STRUCTURE BASED DRUG DISCOVERY AND MECHANISTIC STUDIES OF PHOSPHORIBOSYLTRANSFER

基于结构的药物发现和磷酸核糖基转移机制研究

• 批准号: 7370343
• 负责人: PAMELA J FOCIA
• 金额: $ 0.02万
• 依托单位: STANFORD UNIVERSITY
• 依托单位国家: 美国
• 财政年份: 2006
• 资助国家: 美国
• 起止时间: 2006-03-01 至 2007-02-28
• 项目状态: 已结题
• 来源: https://reporter.nih.gov/project-details/7370343
• 关键词: STRUCTURE; BASED; DRUG; DISCOVERY; MECHANISTIC

This subproject is one of many research subprojects utilizing the resources provided by a Center grant funded by NIH/NCRR. The subproject and investigator (PI) may have received primary funding from another NIH source, and thus could be represented in other CRISP entries. The institution listed is for the Center, which is not necessarily the institution for the investigator. Many parasites lack de novo pathways for purine nucleotide biosynthesis and rely on salvage enzymes, such as the phosphoribosyltransferases, to acquire those needed for cellular metabolism, thus, the salvage pathways provide targets for anti-proliferative drug discovery. In addition, we are interested in studying the mechanism of hypoxanthine/guanine phosphoribosyltransferases, which catalyze a reversible, ordered, sequential, nucleophilic displacement reaction utilizing two divalent metal ions, which straddle the pyrophosphate leaving group, position the two substrates, and interact with an invariant aspartic acid residue. Closed active site forms of ternary complexes of the Trypanosomza cruzi and human enzymes are available that allow us to analyze structures captured right before the transition states of both the forward and reverse reactions, using a combination of natural substrates or products, and analogs. The closed active site ternary substrates complex of the HPRT from T. cruzi was targeted with DOCK, and several low micromolar inhibitors were further identified that were obtained directly from computational analyses. Many more compounds await characterization. Structures of complexes of the target with inhibitors will allow comparison of predicted to actual binding modes, and comparisons of parasite and human enzymes in complex with inhibitors might lend insight toward improving selectivity for the parasite enzymes.

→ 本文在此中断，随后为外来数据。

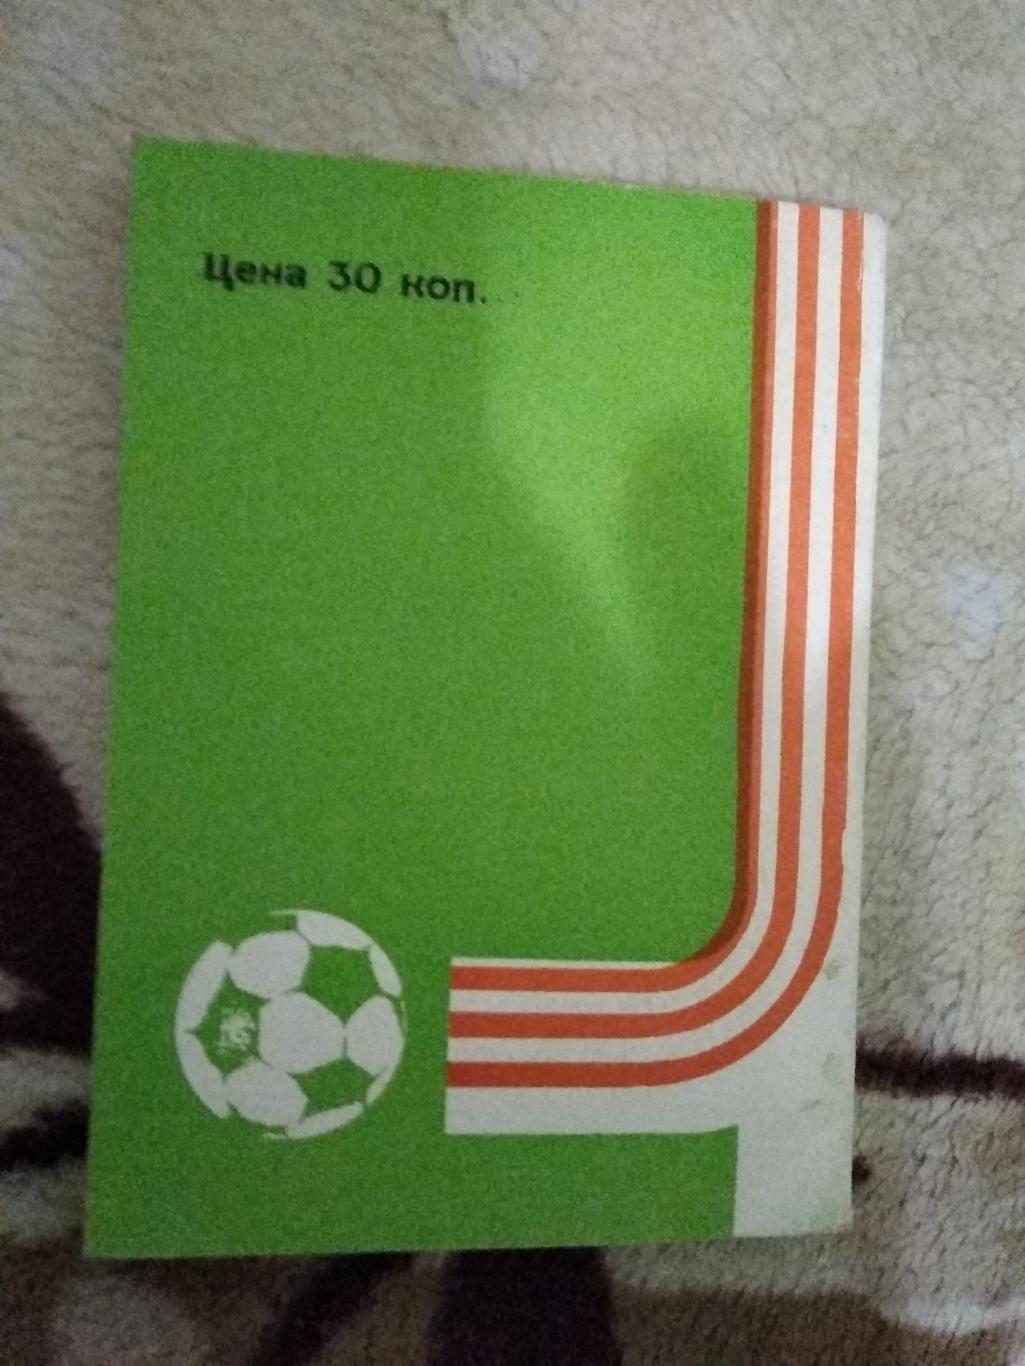 Футбол.Воронеж 1980 г. 1

本子项目是利用由NIH/NCRR资助的中心赠款提供的资源的众多研究子项目之一。子项目和研究者（PI）可能已经从另一个NIH来源获得了主要资金，因此可以在其他CRISP条目中表示。列出的机构是中心的，不一定是研究者的机构。许多寄生虫缺乏嘌呤核苷酸生物合成的新生途径，依赖于磷酸核糖基转移酶等挽救酶来获得细胞代谢所需的酶，因此，挽救途径为抗增殖药物的发现提供了靶点。此外，我们有兴趣研究次黄嘌呤/鸟嘌呤磷酸核糖基转移酶的机制，它利用两个二价金属离子催化可逆的、有序的、顺序的亲核位移反应，这些离子横跨焦磷酸离去基，定位两个底物，并与不变的天冬氨酸残基相互作用。克氏锥虫和人类酶的三元配合物的封闭活性位点形式使我们能够利用天然底物或产物和类似物的组合来分析正反反应过渡状态之前捕获的结构。用DOCK靶向克氏t的封闭活性位点三元底物复合物，并通过计算分析进一步鉴定了几种低微摩尔抑制剂。更多的化合物有待鉴定。靶标与抑制剂配合物的结构将允许将预测的结合模式与实际的结合模式进行比较，并且寄生虫和人类酶在抑制剂配合物中的比较可能有助于提高寄生虫酶的选择性。